No discussion of Tajomaru can completely escape the comparison to Rashomon, not once it introduces the character of Tajomaru, the famous and feared bandit. While the piquing of audience interest may have more to do with the basic fascination factor of its ties to Rashomon, the reveal of the titular character does shore up what had previously been a scattered, wayward narrative. Disappointingly, the initial fight scene between Tajomaru and Naomitsu is clumsily staged, with a distractingly modern, electronic-sounding score in place of the expected traditional orchestral soundtrack – a rather bewildering and inexplicable anachronism.
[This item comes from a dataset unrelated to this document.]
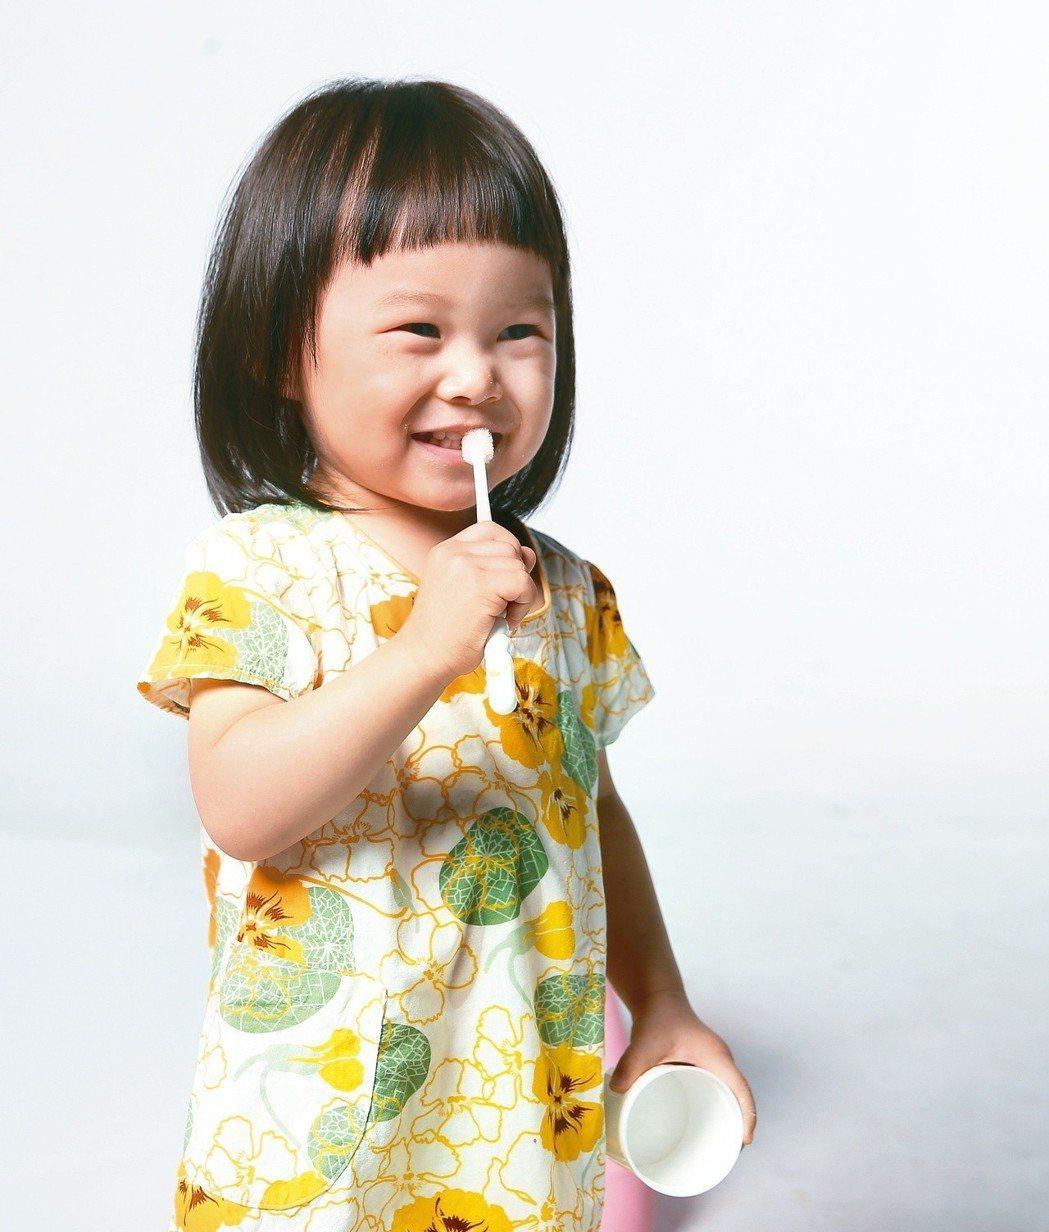 孩子一長牙就可刷牙,建議選擇小頭、軟毛牙刷,兩顆、兩顆慢慢刷。 圖/聯合報系資料...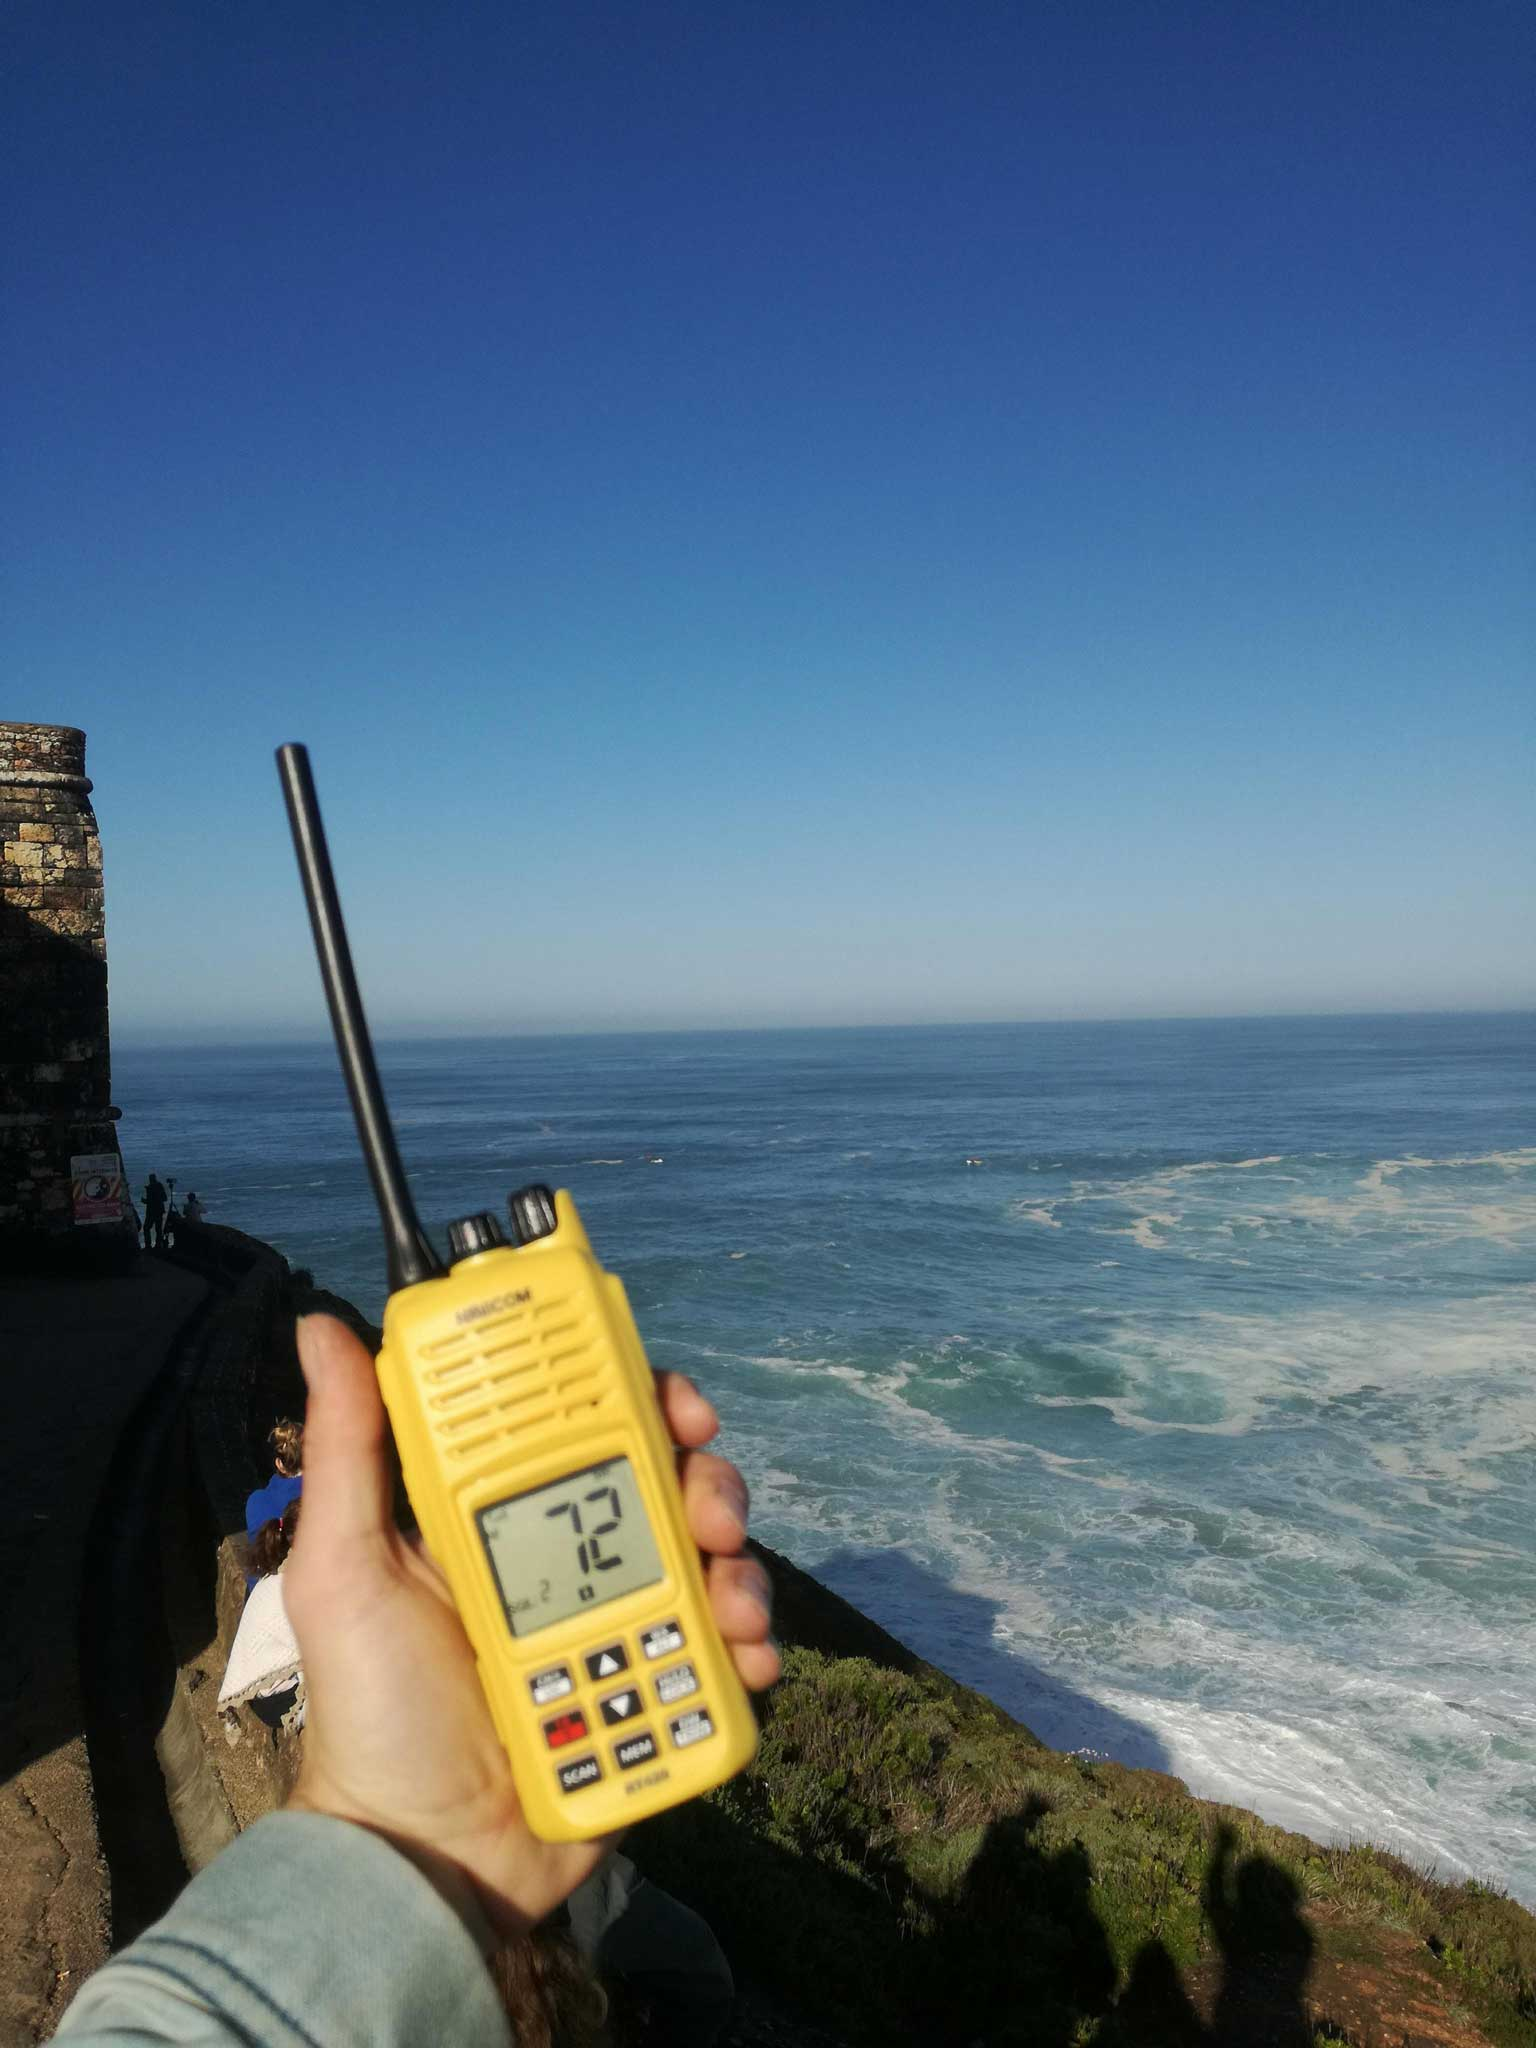 Der Spotter auf der Klippe träft ein Funkgerät sowie die gesamte Verantwortung.

The swords are sharp, but the action is blunt – a problem that persists throughout the rest of the film.
Tajomaru is easy on the eye, even if its sets and production design aren’t quite as grand as one might have expected from a historical epic (indicative, presumably, of a limited budget); and the actors work hard to bring life to a script that offers little in the way of character emotion beyond varying levels of intensity, jealousy and anger. It’s clear the filmmakers intend to create a passionate epic, but with the story making a point of stopping by so many familiar and traditional signposts, audience engagement is limited. Even an intriguing subplot involving the sexual abuse of Sakuramaru at the hands of the Shogun, within the confines of otherwise clichéd storytelling, is nothing more than a way for the filmmakers to ensure that audience sympathy was directed where they intended. It aims for so much – grand, epic, passionate and powerful – but in the end falls sadly short. Ultimately, Tajomaru never seems quite sure of its own identity, and is more a mixed bag of curious intentions than any sort of cohesive whole.
Hardly a Japanese Rosencrantz and Guildenstern. An interesting proposition for cinema lovers, but an ultimately unnecessary appendix to the Rashomon legacy. Lacking its own identity, and fighting for shelf-space with superior movies in the same genre, it is difficult to see to whom, exactly, Tajomaru will appeal.